What to work on →
Return each line below exactly as it reads, and omit any image in it.

[Supplied material]

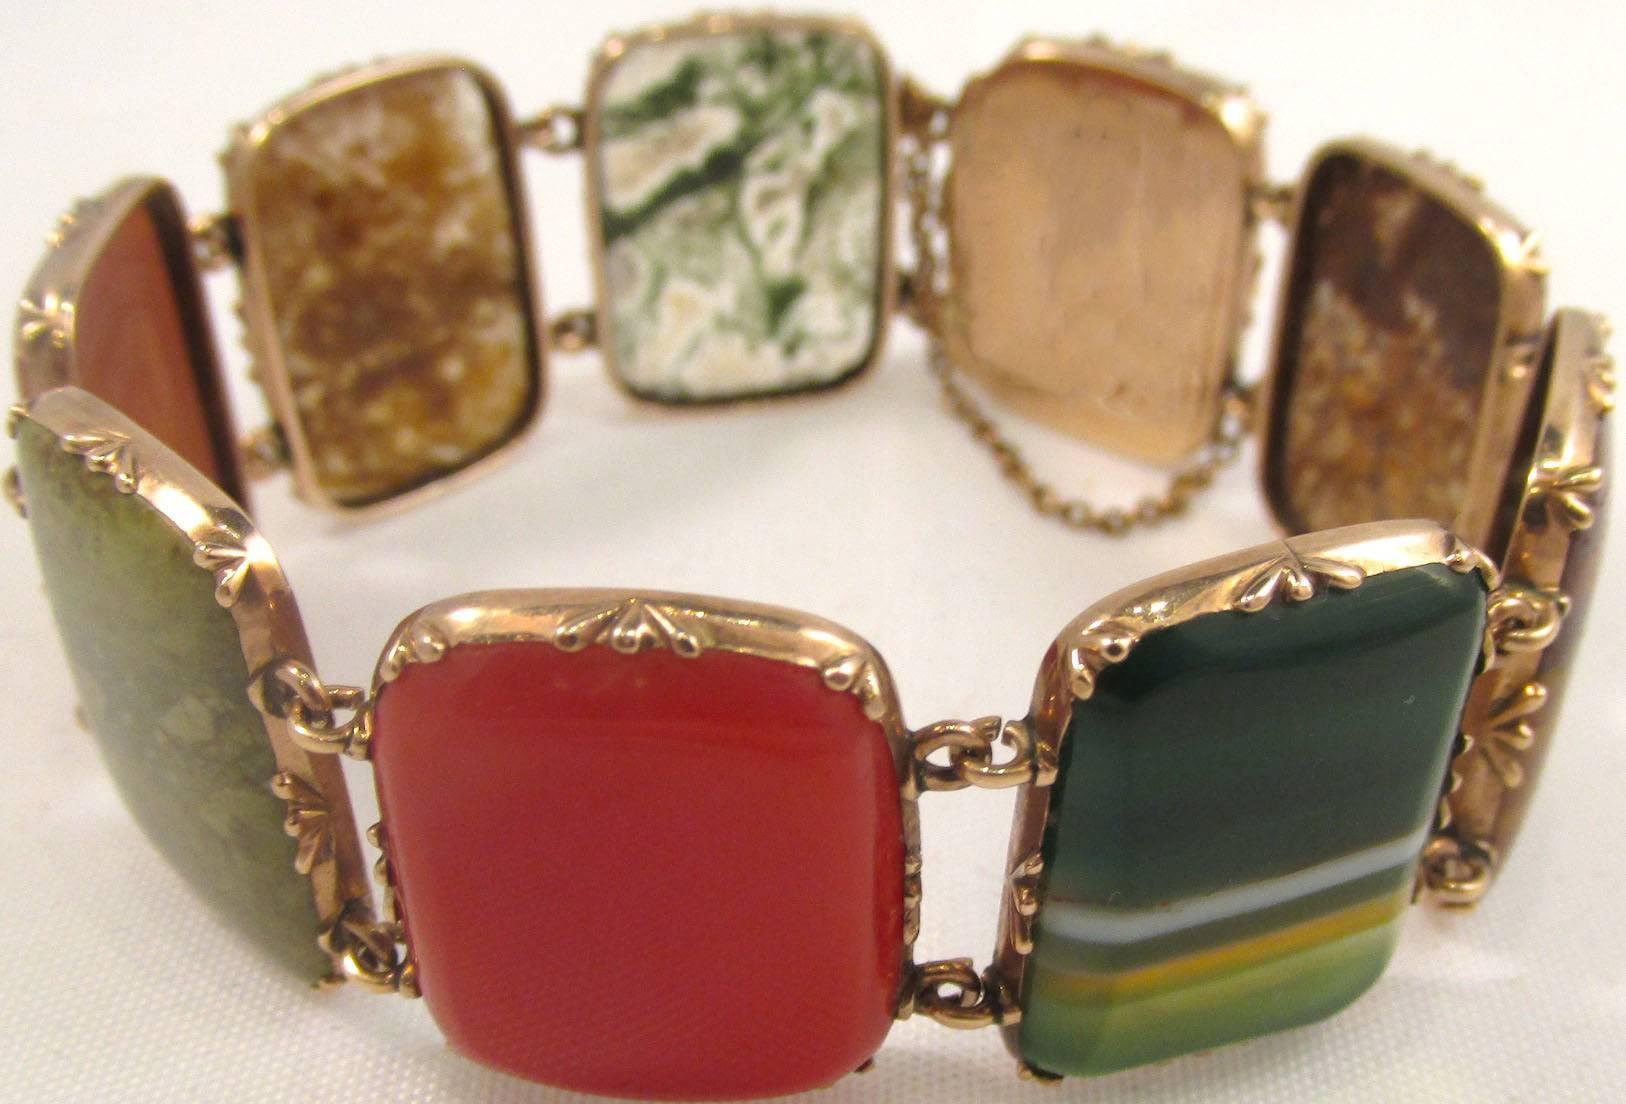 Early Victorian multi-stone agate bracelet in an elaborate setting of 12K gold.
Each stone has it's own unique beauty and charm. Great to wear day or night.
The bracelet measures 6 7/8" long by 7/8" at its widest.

[/Supplied material]

Solution for this problem →
 Early Victorian multi-stone agate bracelet in an elaborate setting of 12K gold.
Each stone has it's own unique beauty and charm. Great to wear day or night.
The bracelet measures 6 7/8" long by 7/8" at its widest.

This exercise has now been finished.